本文探讨了利用并查集算法解决虫子性行为研究中的数据一致性问题，通过实例解析算法实现过程，强调了数据处理和冲突检测的重要性。

题面

Background
Professor Hopper is researching the sexual behavior of a rare species of bugs. He assumes that they feature two different genders and that they only interact with bugs of the opposite gender. In his experiment, individual bugs and their interactions were easy to identify, because numbers were printed on their backs.
Problem
Given a list of bug interactions, decide whether the experiment supports his assumption of two genders with no homosexual bugs or if it contains some bug interactions that falsify it.

Input
The first line of the input contains the number of scenarios. Each scenario starts with one line giving the number of bugs (at least one, and up to 2000) and the number of interactions (up to 1000000) separated by a single space. In the following lines, each interaction is given in the form of two distinct bug numbers separated by a single space.
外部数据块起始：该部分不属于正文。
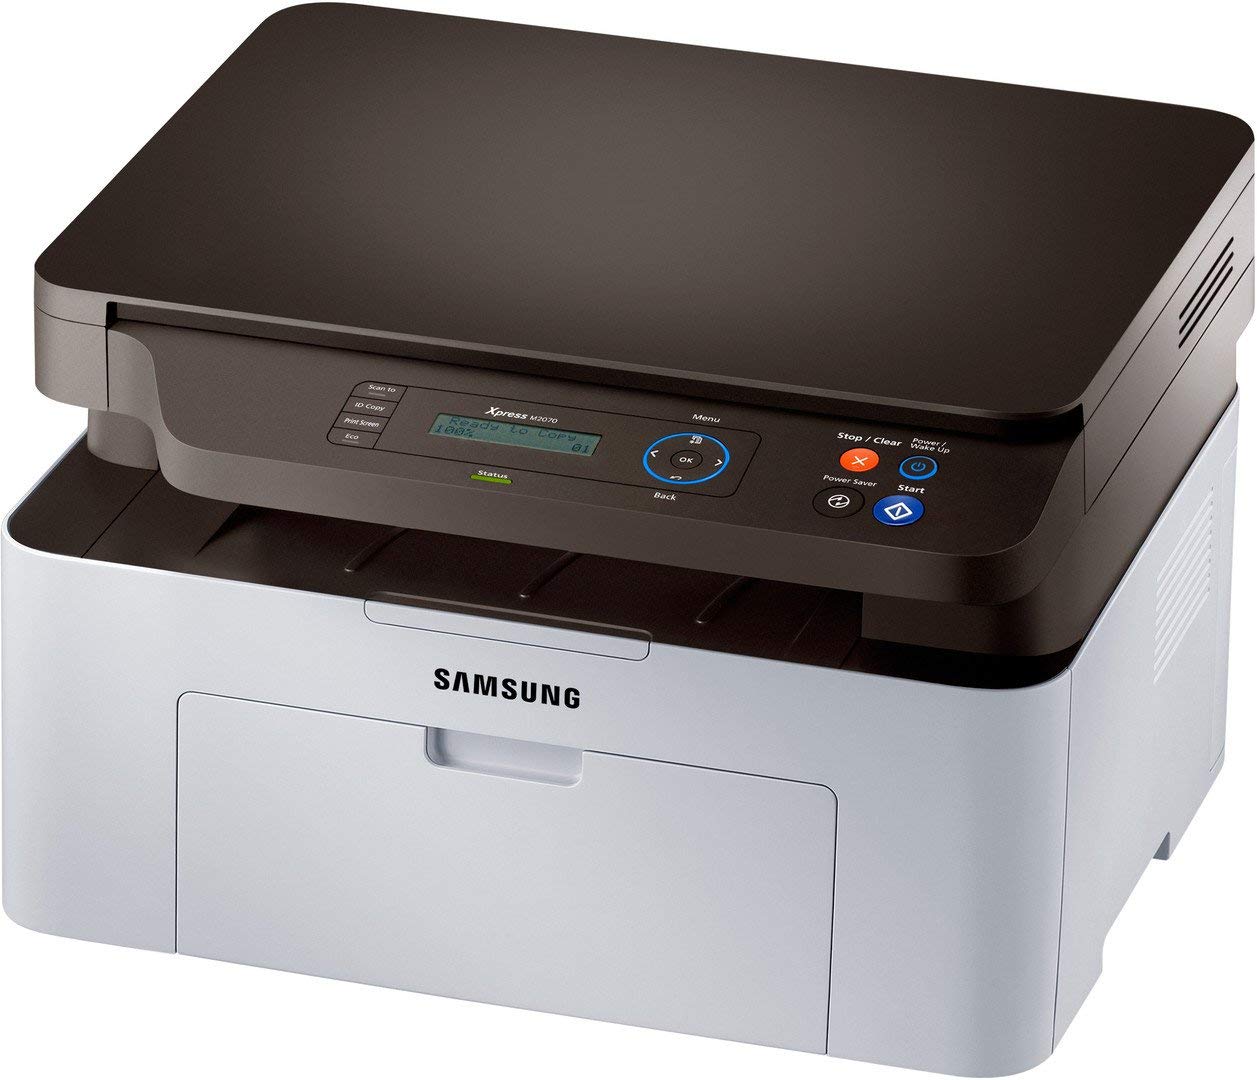 Step-by-step Driver Samsung Laser M2070/M2071 MX Installation - Featured

Bugs are numbered consecutively starting from one.

Output
The output for every scenario is a line containing “Scenario #i:”, where i is the number of the scenario starting at 1, followed by one line saying either “No suspicious bugs found!” if the experiment is consistent with his assumption about the bugs’ sexual behavior, or “Suspicious bugs found!” if Professor Hopper’s assumption is definitely wrong.

Sample Input

2
3 3
1 2
2 3
1 3
4 2
1 2
3 4

Sample Output

Scenario #1:
Suspicious bugs found!

Scenario #2:
No suspicious bugs found!

Hint
Huge input,scanf is recommended.

题目解释

每组测试数据给定虫子的数量n和m组对立关系，虫子的标号为1到n，每组对立关系表示这两只虫子是异性，想知道这种虫子只有两种性别的推测是否可能成立；
可能成立输出No suspicious bugs found!，不可能则输出Suspicious bugs found!
比如如果前两组数据是1，2 和 2 ，3时，表示1，2是异性，2，3是异性，则1，3是同性，若再给定1，3这组对立关系，则推测不成立

这题大致思路是用并查集实现，用pre数组来记录该集合的根节点，将属于一种性别的虫子放在一个集合里，然后用num数组记录对立关系，counterpart数组记录对立性别的节点；
如果两个虫子的根节点的num不同，则表示它们属于不同的对立关系，若num相同，counterpart不同，则表示属于对立关系的不同性别，若num相同，counterpart相同，则表示是同一性别
所以若是发现有两只虫子num不同，则将他们的根节点连接起来，记得要将一个的根节点与对方根节点的counterpart连接，根节点的counerpart与对方的根节点连接；
若是num相同，而counerpart相同，则出现了矛盾；

注意：
1.每次要对pre数组和num数组进行更新，num存的值为0表示当前这只虫子还不属于任何对立关系
2.记录出现矛盾的状态flag为1,若是flag为1,则不用判断

#include <iostream>
#include <stdio.h>
#include <string.h>
const int maxn = 2002;

int pre[maxn], num[maxn], counterpart[maxn];

int Find(int x)
{
    if(x != pre[x])
        pre[x] = Find(pre[x]);
    return pre[x];
}

int main()
{
    int T, n, m;
    scanf("%d", &T);
    for(int cas = 1; cas <= T; cas++)
    {
        scanf("%d %d", &n, &m);
        for(int i = 1; i <= n; i++)
        {
            pre[i] = i;
            num[i] = 0;
        }

        int cur = 1, x, y, flag = 0;
        for(int i = 1; i <= m; i++)
        {
            scanf("%d %d", &x, &y);
            if(flag == 1) continue;
            x = Find(x); y = Find(y);
            if(num[x] == 0 && num[y] == 0)
            {
                num[x] = num[y] = cur++;
                counterpart[x] = y;
                counterpart[y] = x;
            }
            else if(num[x] == 0)
            {
                pre[x] = counterpart[y];
            }
            else if(num[y] == 0)
            {
                pre[y] = counterpart[x];
            }
            else if(x != y)
            {
                pre[x] = counterpart[y];
                pre[counterpart[x]] = y;
            }
            else
            {
                if(counterpart[x] != y)
                    flag = 1;
            }
        }
        if(cas > 1) putchar('\n');
        printf("Scenario #%d:\n", cas);
        if(flag == 1) printf("Suspicious bugs found!\n");
        else printf("No suspicious bugs found!\n");
    }
}